Tears filled her eyes. “I miss you too.”

He sat on the bed, leaning against the headboard, and pulled her back against his chest, wrapping his arms around her. “We’ll figure it out.”

How, though? Gemma wondered, Caitlin Auerman’s weary face flashing in her mind.

Chapter 13

BEA

In a romantic little Mexican restaurant on a pier, Bea sat across from Patrick, the tall, dark, and intelligent second assistant director on the Colin Firth film, listening to him tell a hilarious story about an A-list movie star he’d once worked with, without mentioning names. She liked that he didn’t name-drop or talk behind the actors’ backs. She liked that he’d said some of the biggest movie stars were among the nicest people he’d ever met. She liked the way he listened intently to her, the warmth in his expression. She liked him. He was twenty-eight, from Seattle, and his dream was to direct interesting documentaries. He’d been around the world on various film shoots, but he wasn’t full of himself at all. And the more Bea looked at him, the hotter he got. He was exactly her height—at five feet ten, Bea rarely wore heels or she’d tower over most people—with narrow blue eyes, freckles, and sexy dark, wavy hair. He’d picked her up at the inn right on time, and they’d walked to the colorful restaurant, where he’d made a reservation, though at five o’clock it hadn’t been necessary.

After the waiter left with their orders, he asked her to tell him all about herself, and she wanted to blurt out that in less than three hours she’d be meeting her birth mother for the first time ever, but instead she found herself telling him about
her mother’s death and losing sight of her own dreams to be a teacher, and that maybe getting fired from her crutch job at Crazy Burger had been a blessing in disguise.

“What brought you to Boothbay Harbor, Maine?” he asked, swiping a tortilla chip through the excellent dish of salsa between them.

She explained about the letter from her mother. The weeks she’d spent walking around Boston, going back and forth about looking up her birth mother.
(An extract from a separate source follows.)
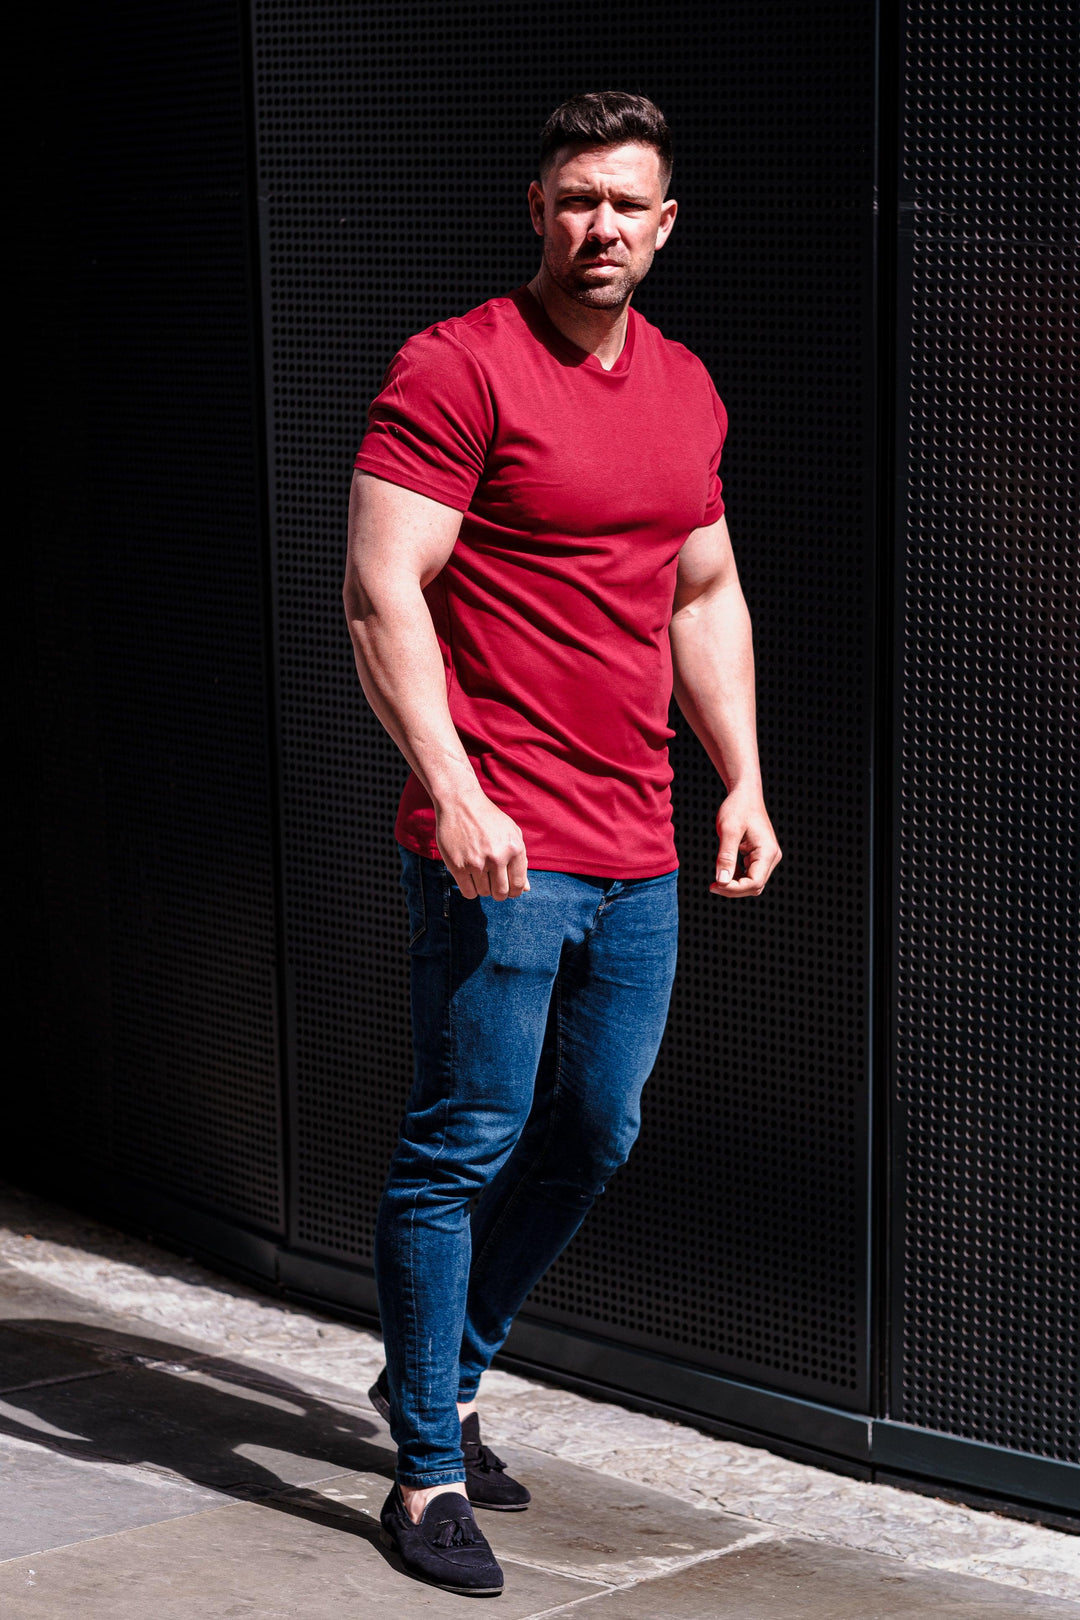 Burgundy Tapered Fit T Shirt. A Proportionally Fitted and Tapered Fit Tee in Burgundy. Ideal for muscular guys.

And then finally deciding to drive up to Maine to check her out. “I won’t name names, either, but the reason I’ve been hanging around the film set is because my birth mother—who I’m meeting for the first time later tonight—is one of the extras. I found out she was working on the film and just wanted to look around.”
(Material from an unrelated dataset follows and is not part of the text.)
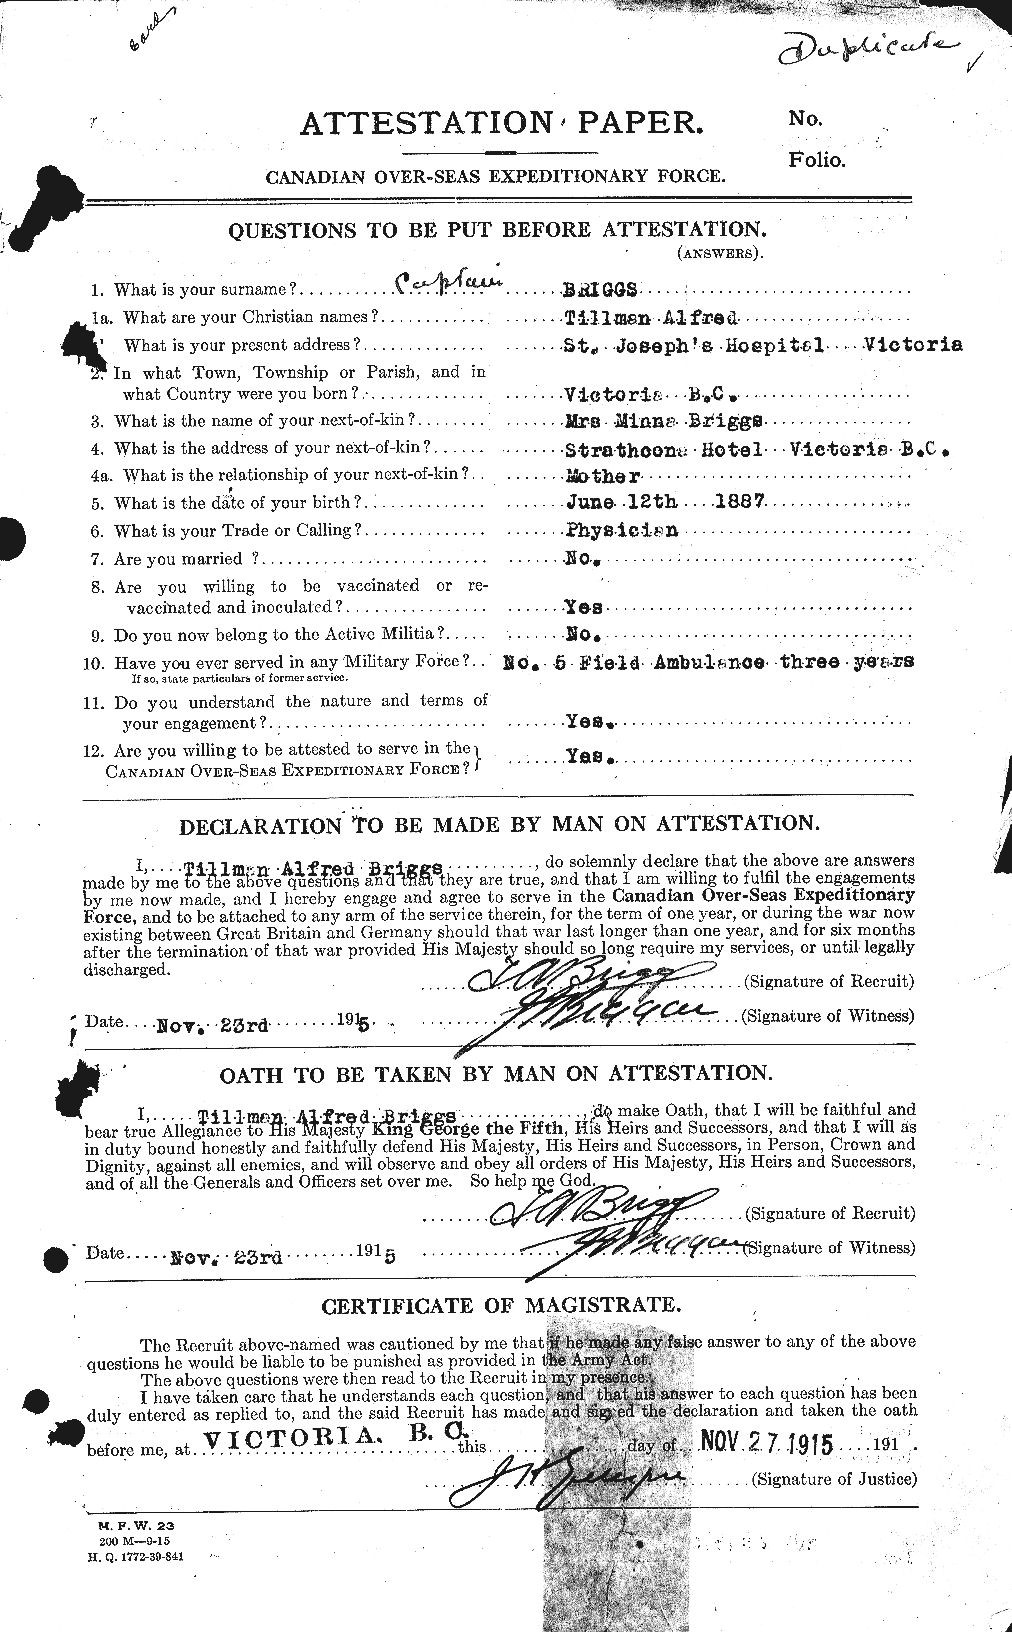 Personnel Records of the First World War - CEF 264108a

He raised his margarita glass to her. “I admire what you’re doing, Bea. That takes guts. All of it. Especially after getting hit with such a whopper of a letter like that. Have you gotten a little more used to it all?”
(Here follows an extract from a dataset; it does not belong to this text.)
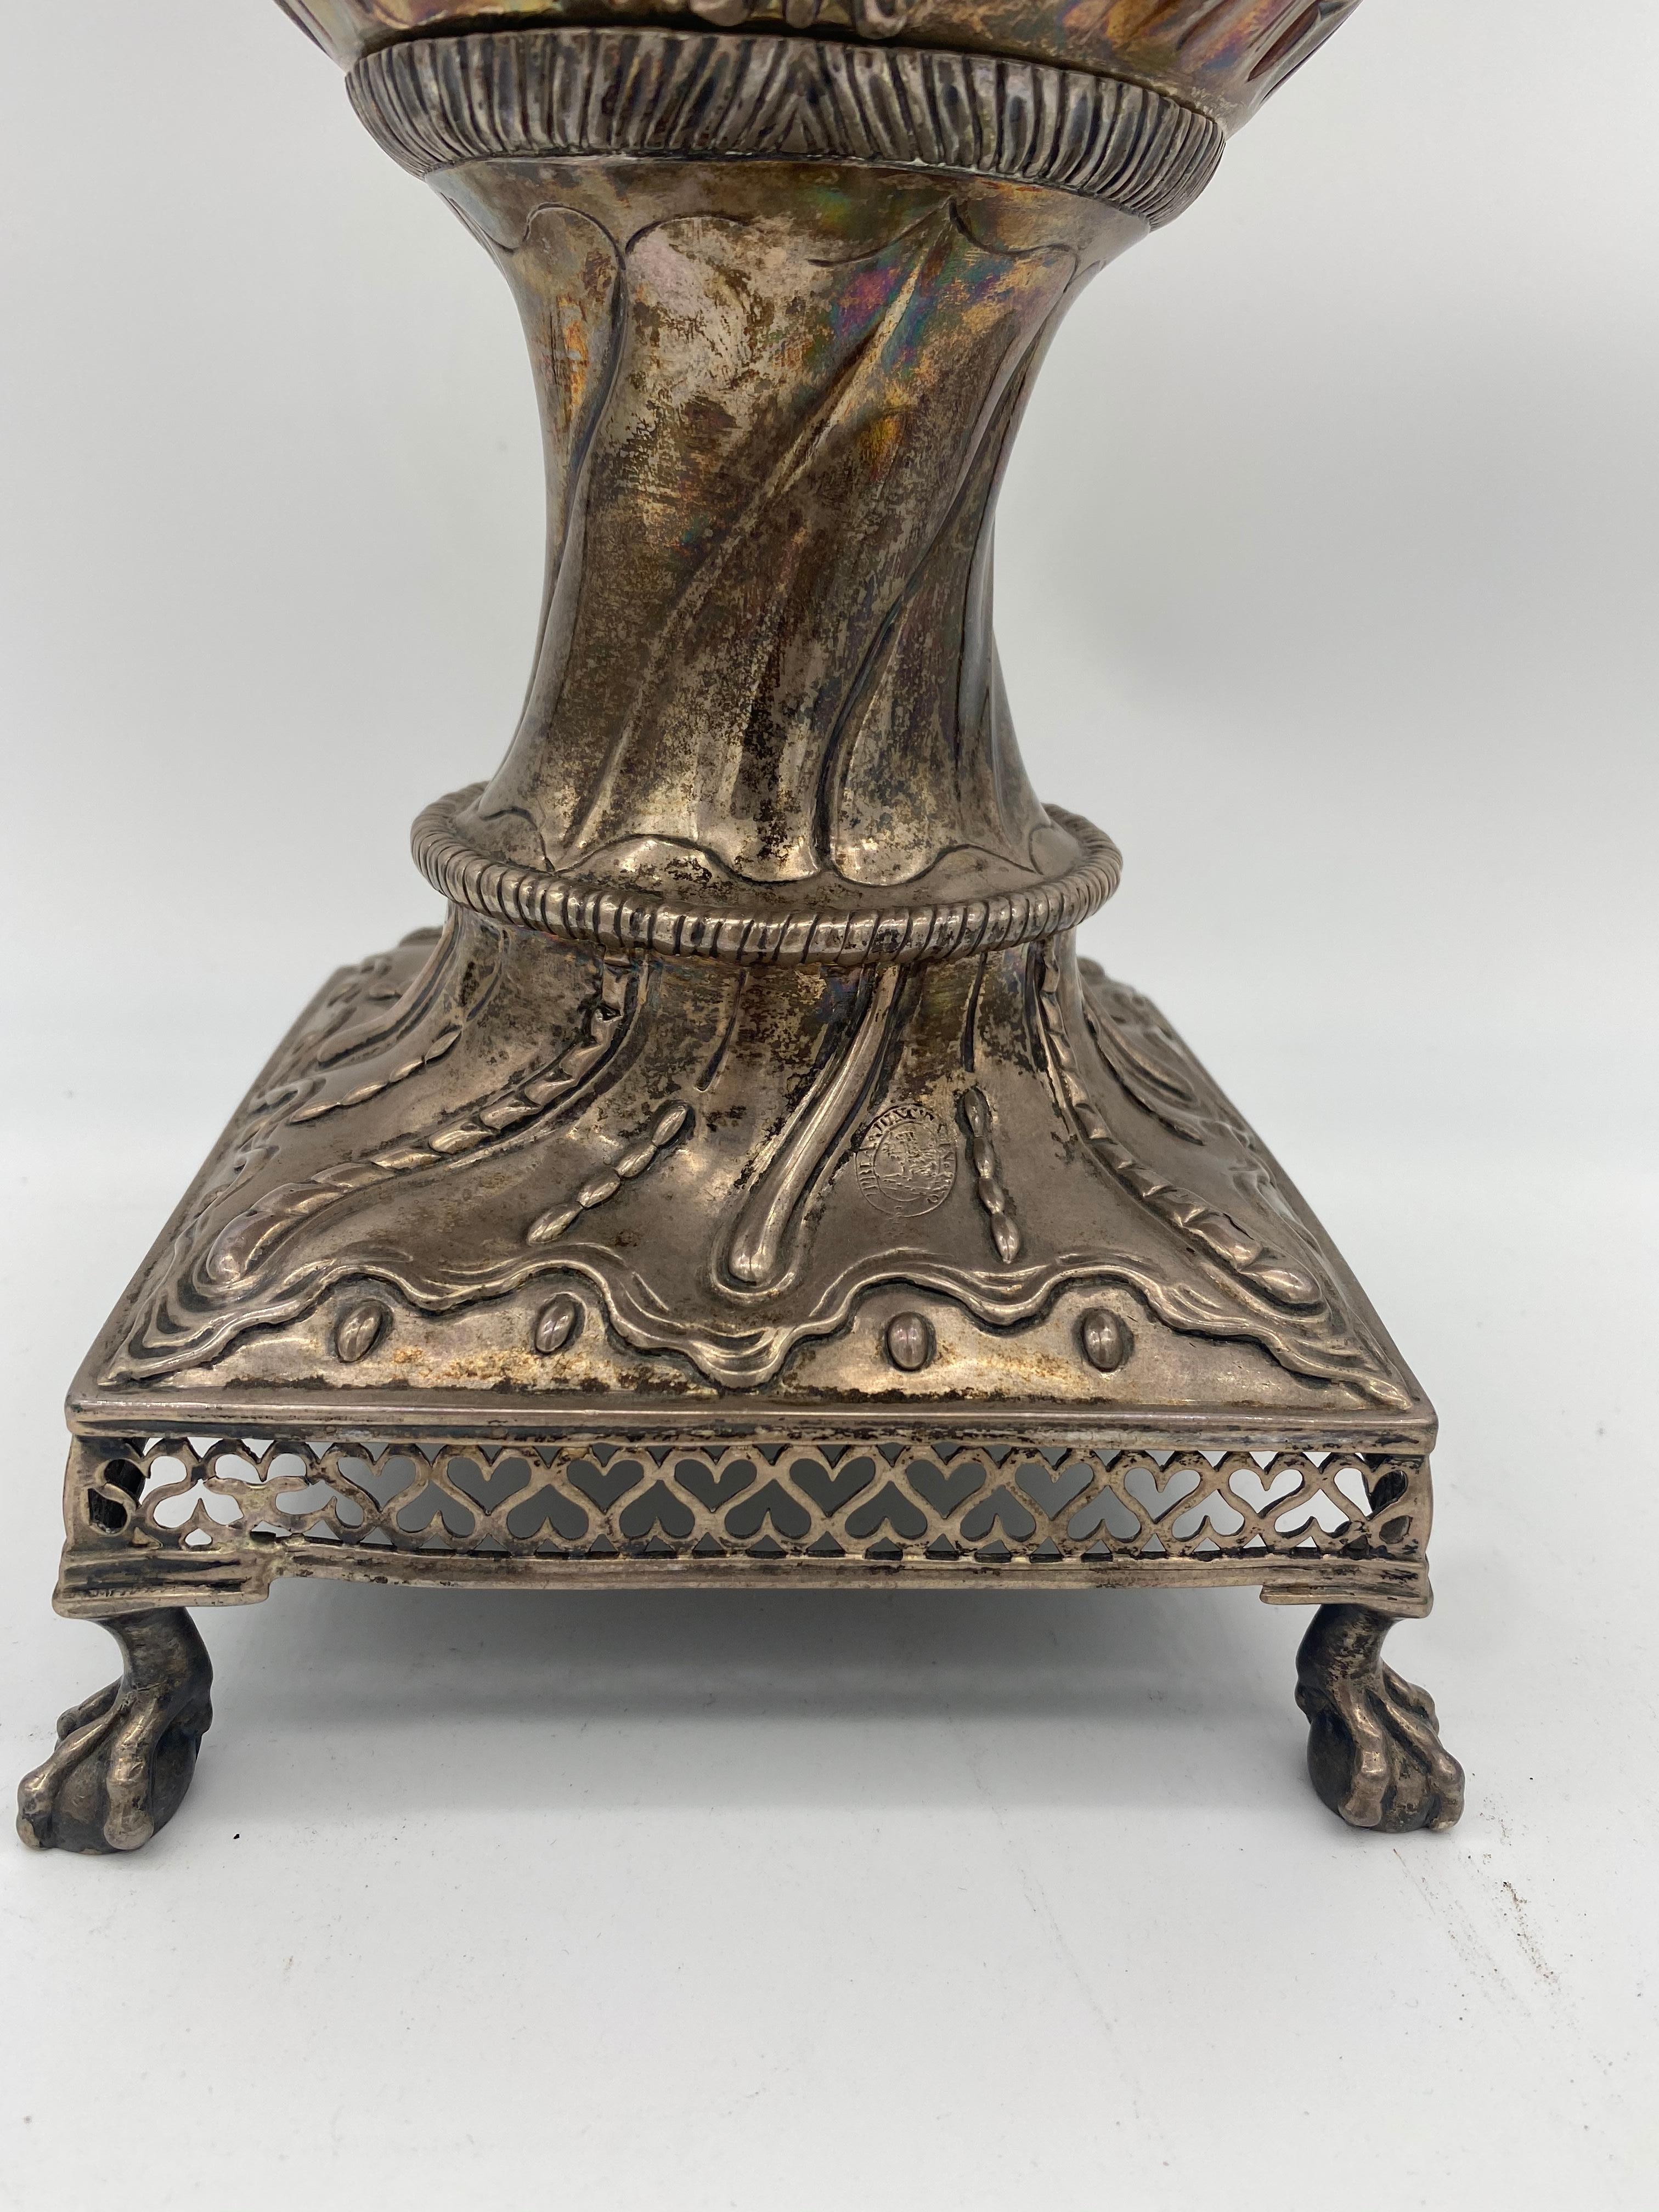 18th century sterling silver water urn. All parts have been labeled Tria Juncta In Uno. Very large with 2945 grams and 20 inches tall. Extremely unique and very hard to mind, a magnificent piece.

“I guess. Sometimes it feels like it can’t possibly be true, but then I take out my mom’s letter and reread it, and I know it is true.”

“I’m doubly sorry that Tyler—the production assistant—was giving you a hard time yesterday. But then again, if he hadn’t been, I might not have overheard you guys arguing and I might not have seen you at all. I’m pretty glad I did.”

She smiled. “Me too.”

When their entrées arrived—enchiladas suizas for Bea, and steak fajitas for Patrick—they talked about everything and anything, from movies they both liked and hated, to books, to places they’d traveled—he had Bea beat there—and the weirdest foods they’d
tried. Bea told him about having to measure her Mt. Vesuvius burgers to make sure they were exactly one foot tall, and he told her about filming on location near the volcano in Italy. They talked so easily, so naturally, and Bea found herself laughing for what felt like the first time in a month. Maybe months.

After dinner, they had coffee and split a basket of cinnamon churros, then headed out to the back deck overlooking the bay, where they both tried to pick up a crab from the touch tank, but they’d been bested by an eight-year-old who picked it up without getting pinched.